• Mix Markt reagiert auf Ukraine-Krieg: Supermarktkette passt Angebot an
  • Waren aus Russland betroffen - "Sortiment wird nunmehr bereinigt"
  • Auf osteuropäische Produkte spezialisiertes Unternehmen hat viele ukrainischen Mitarbeiter und Kunden
  • Über 330 Mix-Märkte - auch in Franken gibt es viele Filialen - Waren teils in Nürnberg produziert

Die Lebensmittel-Einzelhandelskette Mix Markt hat auf Russlands Einmarsch in die Ukraine reagiert. Das auf den Verkauf osteuropäischer Produkte spezialisierte Unternehmen kündigte gegenüber inFranken.de eine Angebotsanpassung hinsichtlich russischer Produkte an. "Das Sortiment wird nunmehr bereinigt", heißt es in einer offiziellen Stellungnahme. Die Kette ist laut eigenen Angaben mittlerweile mit 341 Supermärkten in Deutschland und Europa vertreten. Auch in Franken existieren mehrere Mix-Markt-Filialen - unter anderem in Nürnberg, Fürth, Schwabach, Bamberg und Würzburg. Allein in Nürnberg gibt es vier Geschäfte. 

Mix Markt: Supermarktkette ändert Sortiment - Produkte werden teils in Nürnberg produziert

Mix Markt verfolge "mit großer Sorge und Bestürzung" den Krieg zwischen Russland und der Ukraine, teilt die Supermarktkette mit Sitz im baden-württembergischen Herrenberg mit. "Viele unserer Geschäftspartner und unseren Mitarbeiter*innen und Kunden stammen aus der Ukraine oder haben Verwandte, Freunde oder Bekannte im Kriegsgebiet", heißt es in der Stellungnahme. "Unser besonderes Mitgefühl gilt daher allen Personen, die dem völkerrechtswidrigem Angriffskrieg, den wir rückhaltlos verurteilen, hilflos und schutzlos ausgesetzt sind. Das Unternehmen hoffe, dass es den Verhandlungsführern Russlands und der Ukraine gelingt, den Krieg zu beenden "oder zumindest ein Waffenstillstand" herbeizuführen. 

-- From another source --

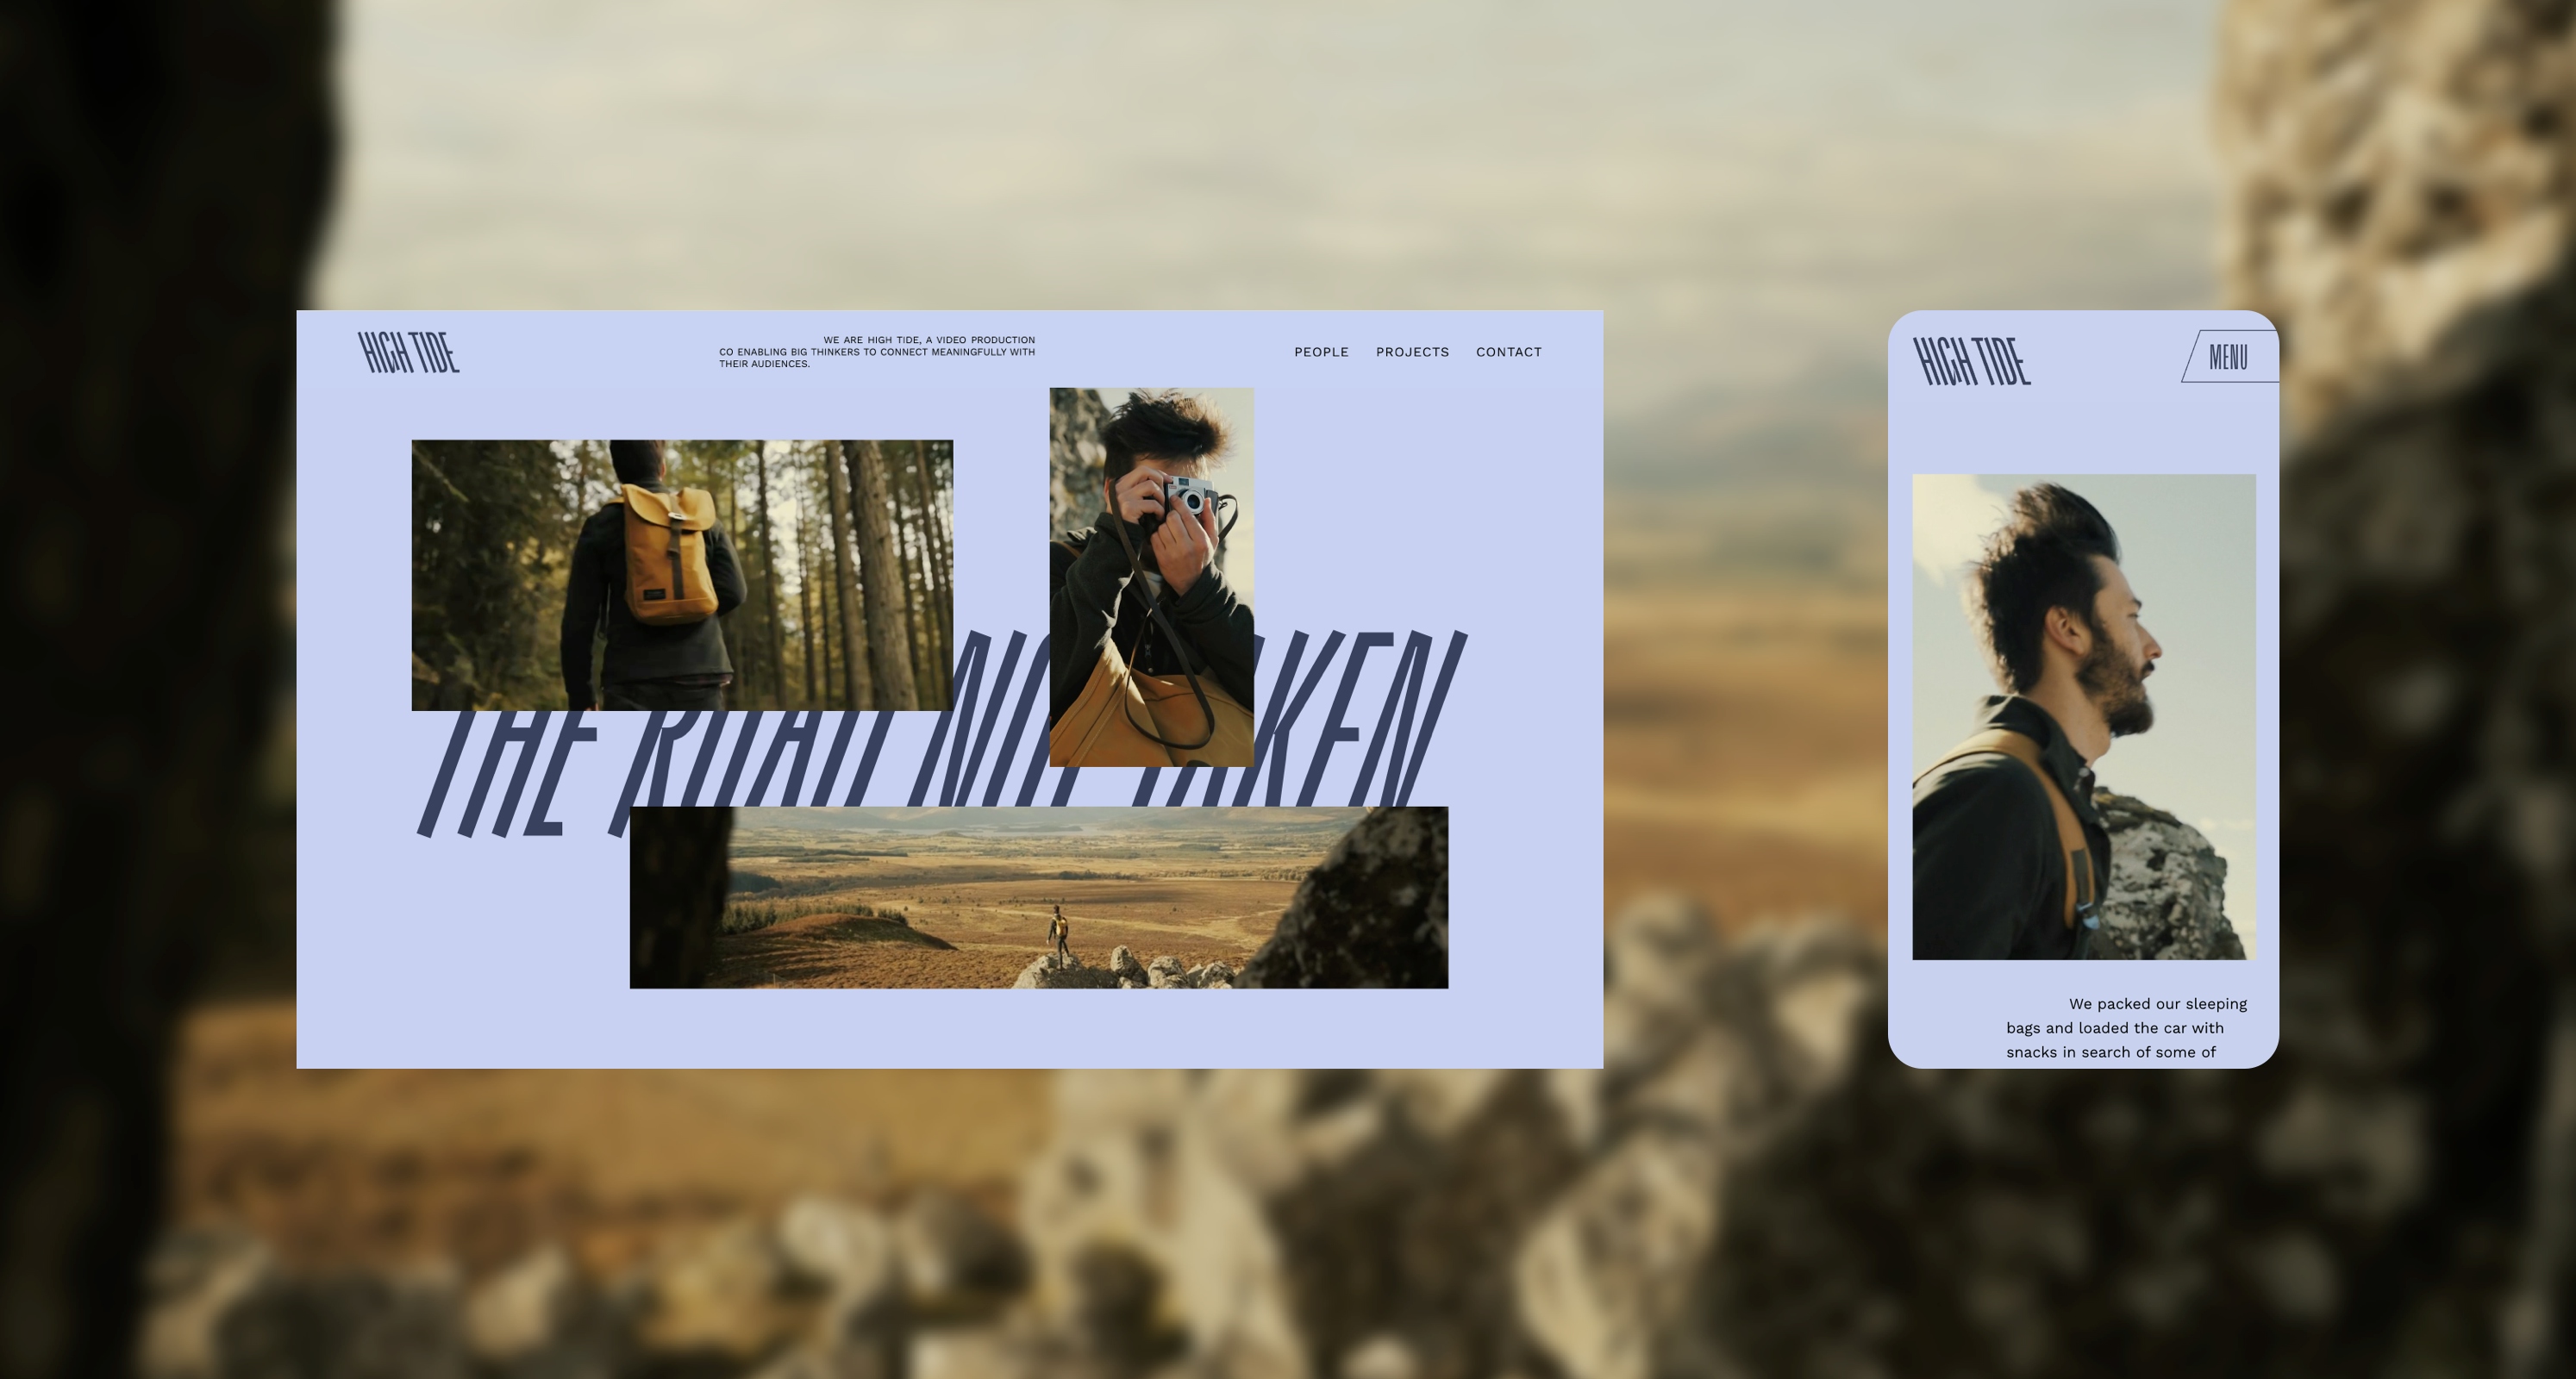 A blurry image of a rocky landscape has two screens superimposed on it. The first is a landscape, lilac, web page which has purple text “The road not taken” and three images overlay this: a man walking away in a forest, a man taking a photo and a panorama of landscape between rocks. The second image is a lilac mobile screen with an image of a windswept bearded person in profile and illustrative text.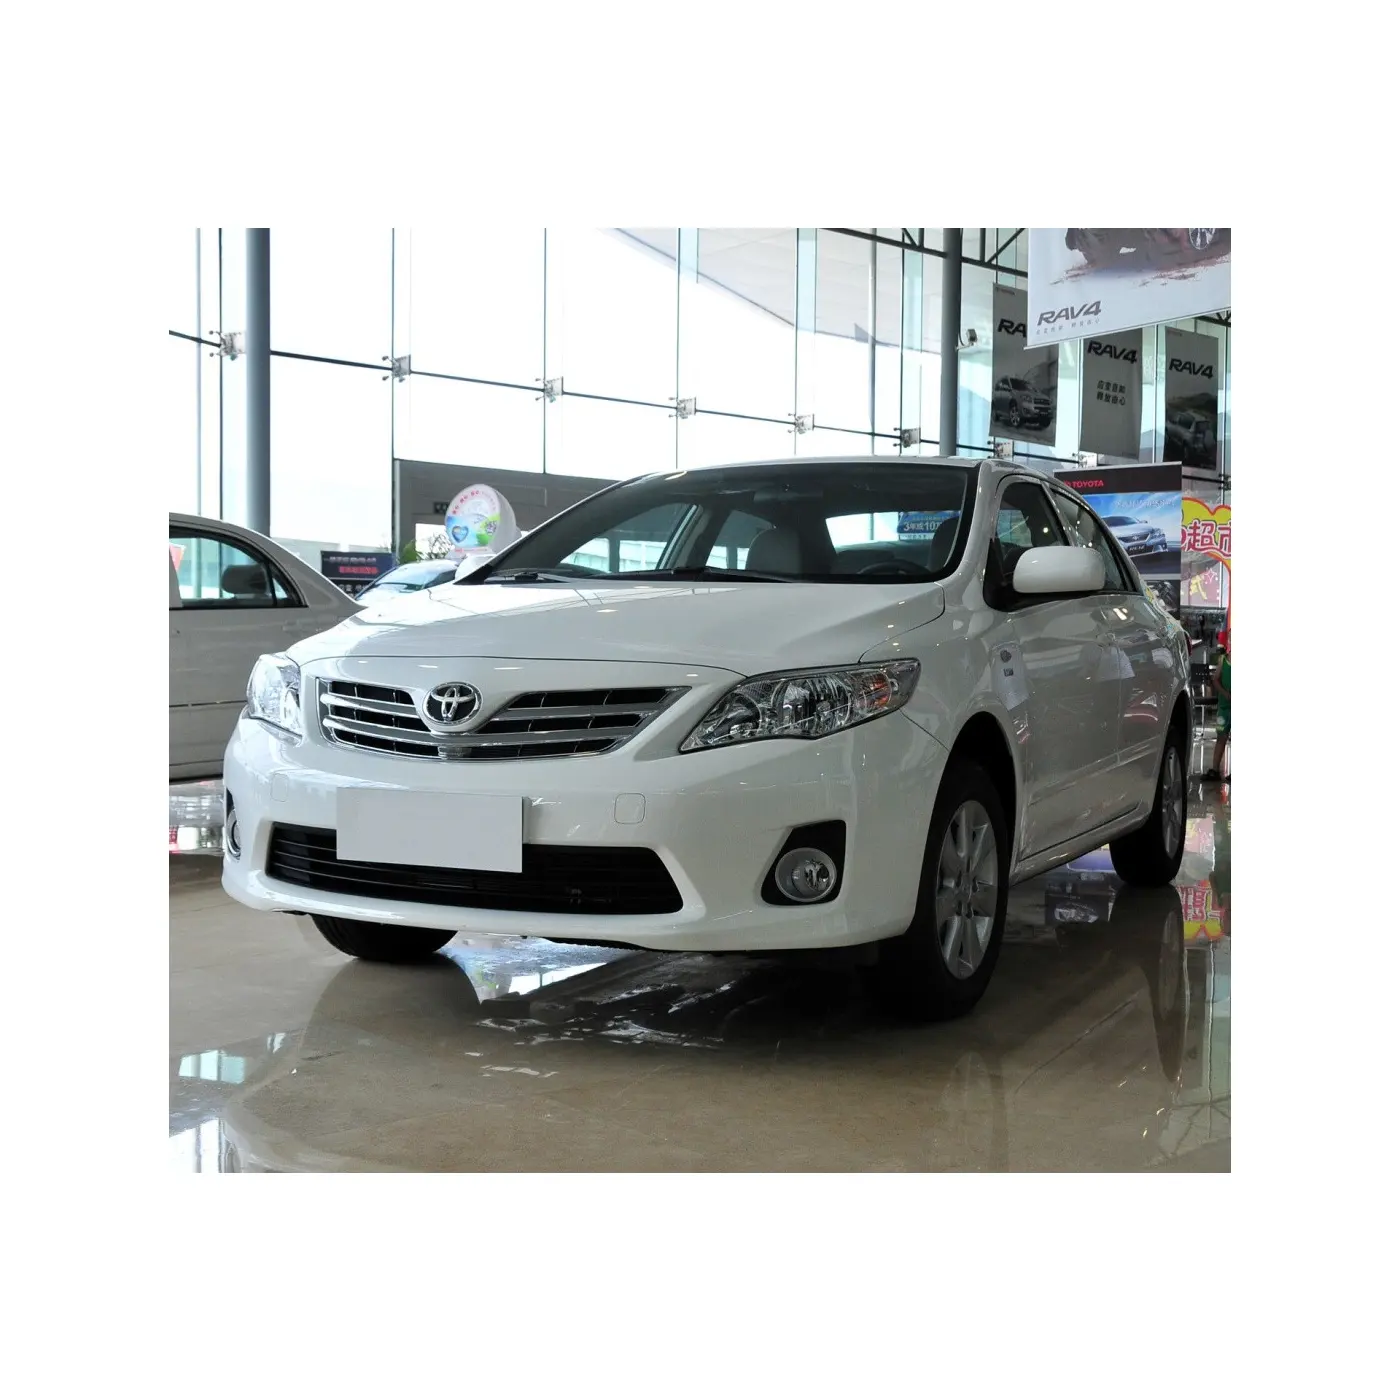 Used Car Toyota Corolla 2010 Year Model Gasoline Compact Car Steering Left Automatic Made In China For Sale Used Car Dealer 2

Laut Mix Markt-Angaben sei der Anteil der Waren aus Russland gering. Noch vor dem aktuellen Krieg hatte Mix Markt allerdings stets damit geworben, insbesondere russische Lebensmittel zu führen. Nun werde das Sortiment entsprechend "bereinigt", heißt es vonseiten des Lebensmittelhändlers  "Unsere Teigtaschen 'Pelmeni' werden in Nürnberg produziert", erklärt das Unternehmen. Der Frischkäse "Tworog", eine slawische Spezialität, komme aus Polen, die gezuckerte Kondensmilch "Sgushenka" aus den Niederlanden. Das Milcherzeugnis "Rjazhenka" stamme aus Litauen. "Die 'russischen' Würste werden in Bayern produziert." Bier stamme zudem von der dänischen Carlsberg-Brauerei oder von Anheuser-Busch. "Und unser Gebäck und die Süßigkeiten werden in der Ukraine produziert", berichtet Mix-Markt. 

"Wir sind tief bewegt durch die uneingeschränkte Hilfsbereitschaft und Anteilsname unserer Mitbürgerinnen und Mitbürger." Auf Initiative von Geschäftsleitung und Beschäftigten sammelten Partner der Supermarktkette und Mix Markt selbst Lebensmittel, Medikamente und andere erforderliche Dinge, die in die Ukraine gebracht würden. Die Monolith-Gruppe, zu der auch die über 330 Mix-Märkte in Europa gehören, existiert seit 1997 und unterhält nach eigenen Angaben auf der Website verschiedene Verbindungen zu russisch-deutschen Organisationen. "Unsere Kunden kommen aus unterschiedlichen Ländern", heißt es in der aktuellen Mitteilung hingegen eher vage. "Die Mix-Märkte in Deutschland und Europa seien damit auch "Begegnungsstätten für Menschen verschiedener Kulturen und mit vielfältigen Wurzeln".

Auch ein Edeka-Markt im Nürnberger Land hat infolge des Ukraine-Kriegs russische Artikel aus seinem Sortiment genommen. Im Netz erhält die Aktion Applaus, aber auch Kritik. Edeka Massak verkauft in seinen Bamberger Filialen ebenfalls keine Waren aus Russland mehr. Auch die großen Discounterketten wie Aldi, Lidl und Netto reagierten auf Putins Militärschlag.